Success by Faustian Bargain; Getting Somewhere by Getting Our Priorities Straight

At AU, the race to course completion is largely in our minds.  To the outer world we’re sitting the same at our laptop no matter what we’re working on.  So, to avoid burnout we have to mix mental pleasure with mental toil.  But we do so at the risk of sliding into sloth and indolence.  There’s the famous story of Faust who made a bargain with the Devil in which Faust exchanges future benefit for present benefit.  At first the outcome looks dicey for Faust’s soul but then “God is persuaded that, despite Faust’s errant ways, Faust is worthy of salvation.  So he strikes a bargain with Mephistopheles: if he can persuade Faust to abandon striving and seek rest, Mephistopheles may claim his soul.  Faust is so weary of academic learning that he dabbles in magic.  Rejected by the Earth-Spirit, he contemplates suicide but is called back to life by Easter bells.  He takes a walk, during which he encounters a beautiful young virgin, Margarete (Gretchen), and then a black poodle, which he takes back to his study.  The dog transforms into Mephistopheles, who signs a pact with Faust: if Faust should ever rest from striving, he will lose his soul.  At first, Mephistopheles tries to delight Faust with japes and drunken gatherings.  Faust’s only desire, however, is to renew his acquaintance with the modest Gretchen.” (von Goethe, 1808). To give ourselves a temporary pass from striving is a great idea.

Hard work today is generally conceded to yield rewards tomorrow; yet we may also deplete our intellectual resources if we push ourselves to study harder and faster and thus poison the academic well of our future selves.  Let’s not condemn those future selves!  On the other hand, if we work hard at school and then play hard at other sedentary mental activities at our computer we may slowly lower ourselves out of joy at our studies.  A change of scenery benefits our brains; maybe not a marathon but perhaps, like Faust, a walk.  Who knows what or who we will meet? Inspiration at the very least.

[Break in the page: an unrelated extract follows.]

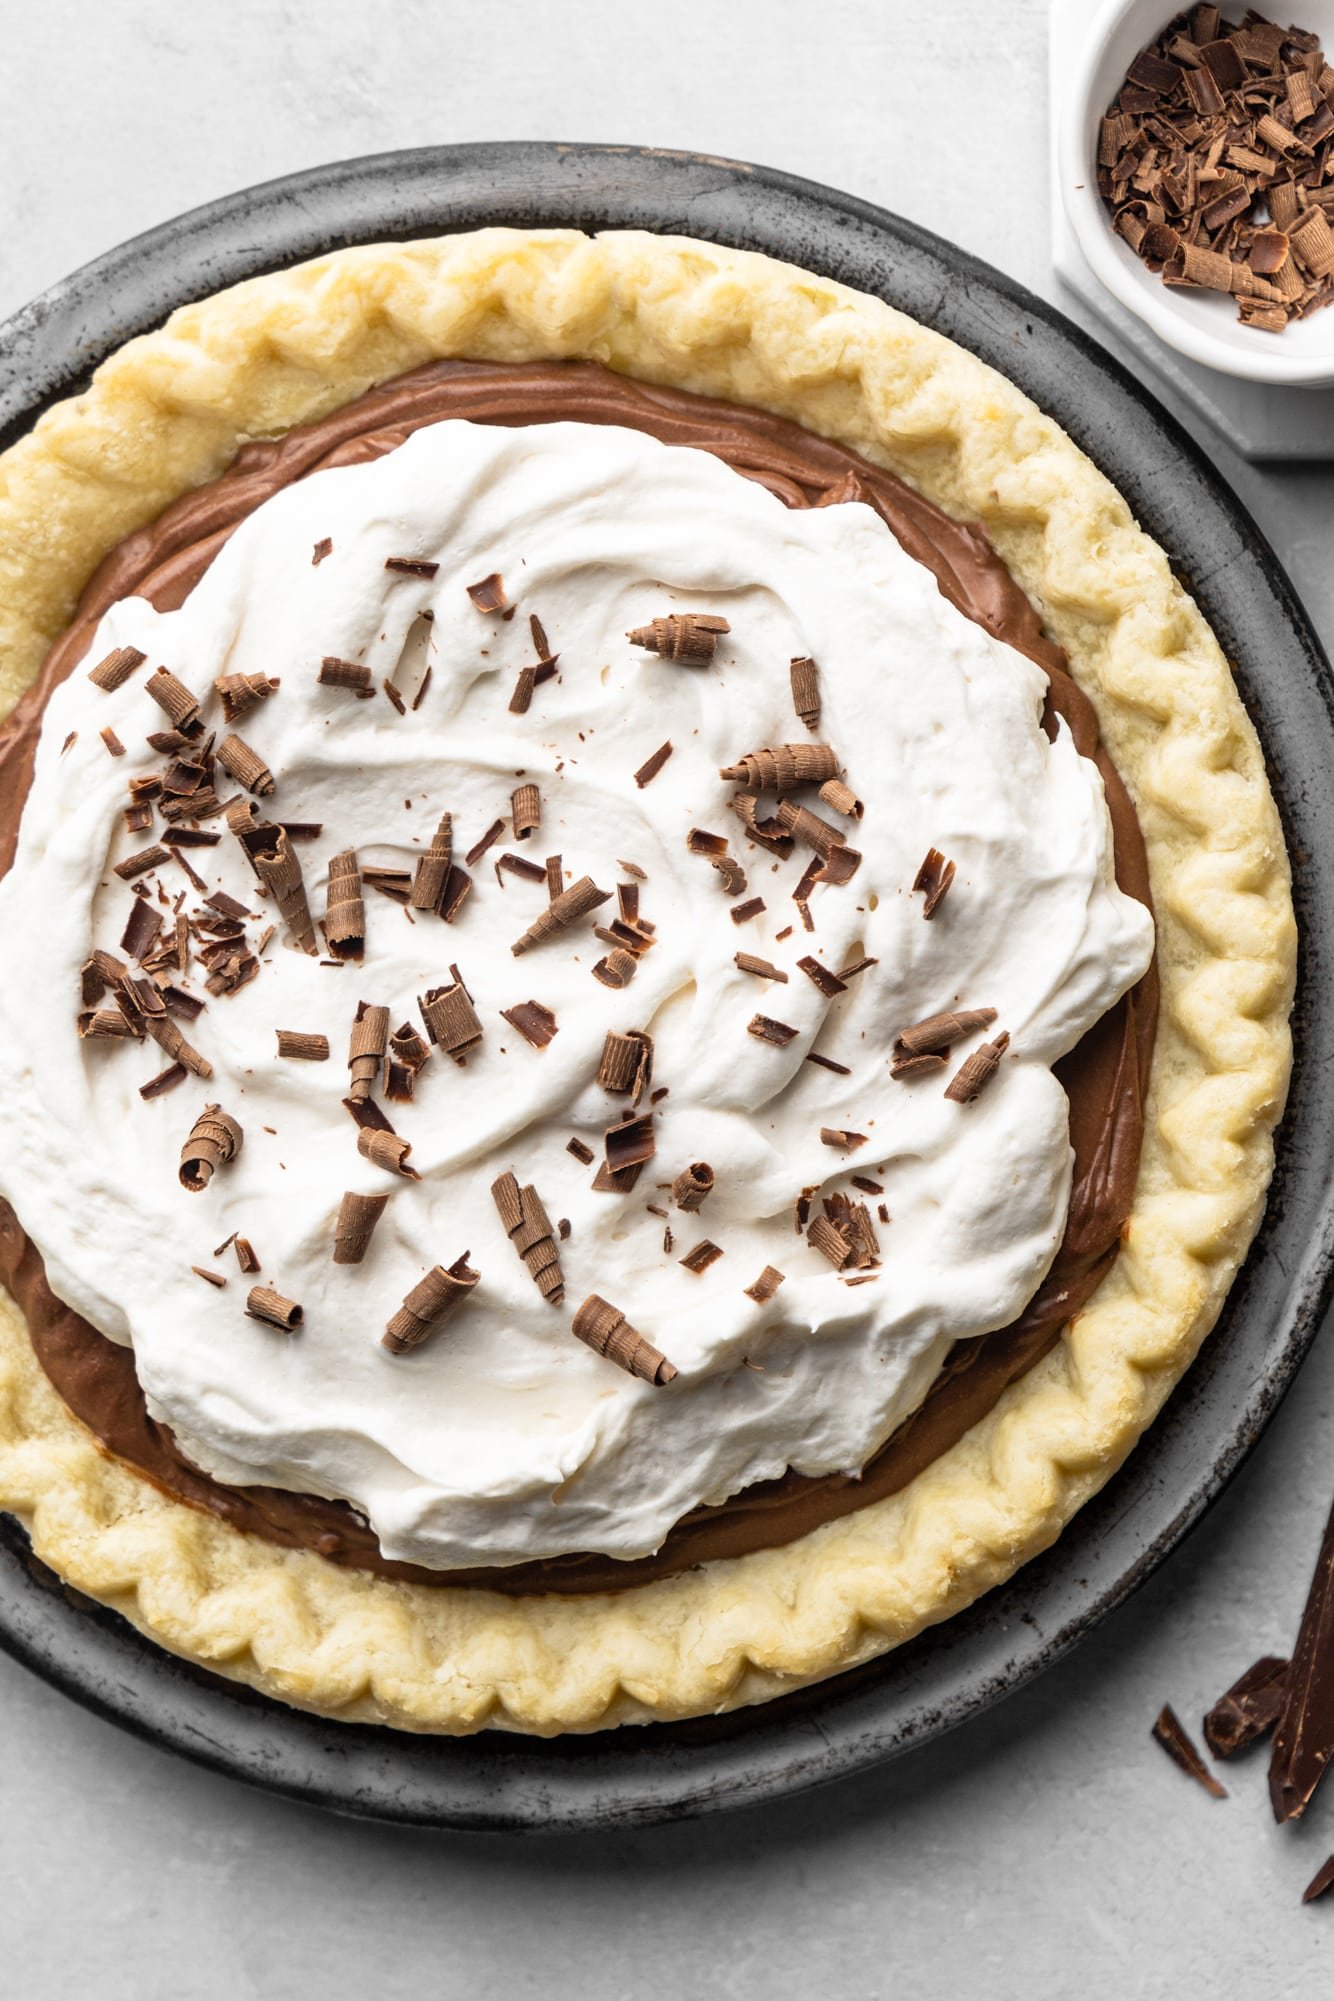 vegan chocolate pie topped with whipped cream and chocolate shavings.

Finding Our Pace, Finding Our Purpose

To walk is not to run, however.  Many a well-meaning person has sought relief from their academic toil only to find themselves in the ultimate classroom of aesthetic and sensory ideology: a gym.  The idea that we must push ourselves in all things goes back to ancient Greece, it’s true.  When democracy was in its infancy there birthed the idea that citizens were bound to one another through their responsibilities as voting participants.  “L.  Siegfried, a German philosopher said it this way: ‘When Greeks were fighting at Marathon against the spiritually unconnected mass of Persians, they were fighting as people who had clear awareness of the right for a free political life.  The consciousness of mankind …  was born at Marathon.  We, the people of the West, must always kneel respectfully to the place where human dignity was established.’” (The Athens Marathon. 2016).  Yet, what is shared in the anonymity of a modern gym or when we take a study break to play a computer game with online friends?

Perhaps we undermine the dignity of our studies when we work hard at playing without really considering that everything we do is a form of learning—with a purpose and a meaning.  We can no sooner evade our sense that there’s meaning in all that we do than we can put aside our coursework and engage in tasks truly frivolous.  We’re always on the racetrack of life.  Perhaps only when we see existence as a classroom will the struggles in our academic courses attenuate to acquire a sense of natural comfort.  After all, we’re always learning while we’re conscious, and what is life but a race course, the attitude to which makes all the difference.  If our coursework translates into us learning to struggle, then that would be a tragic outcome of our foray into distance education.

References
von Goethe, Johann Wolfgang. (1808), Faust: Der Tragödie erster Tei., Gutenberg.org.  Retrieved from: http://www.gutenberg.org/ebooks/2229
Harries, K.  (1972).  ‘Zeno of Elea’.  The Encyclopedia of Philosophy Vols.  7 & 8.  New York: Macmillan Publishing and the Free Press.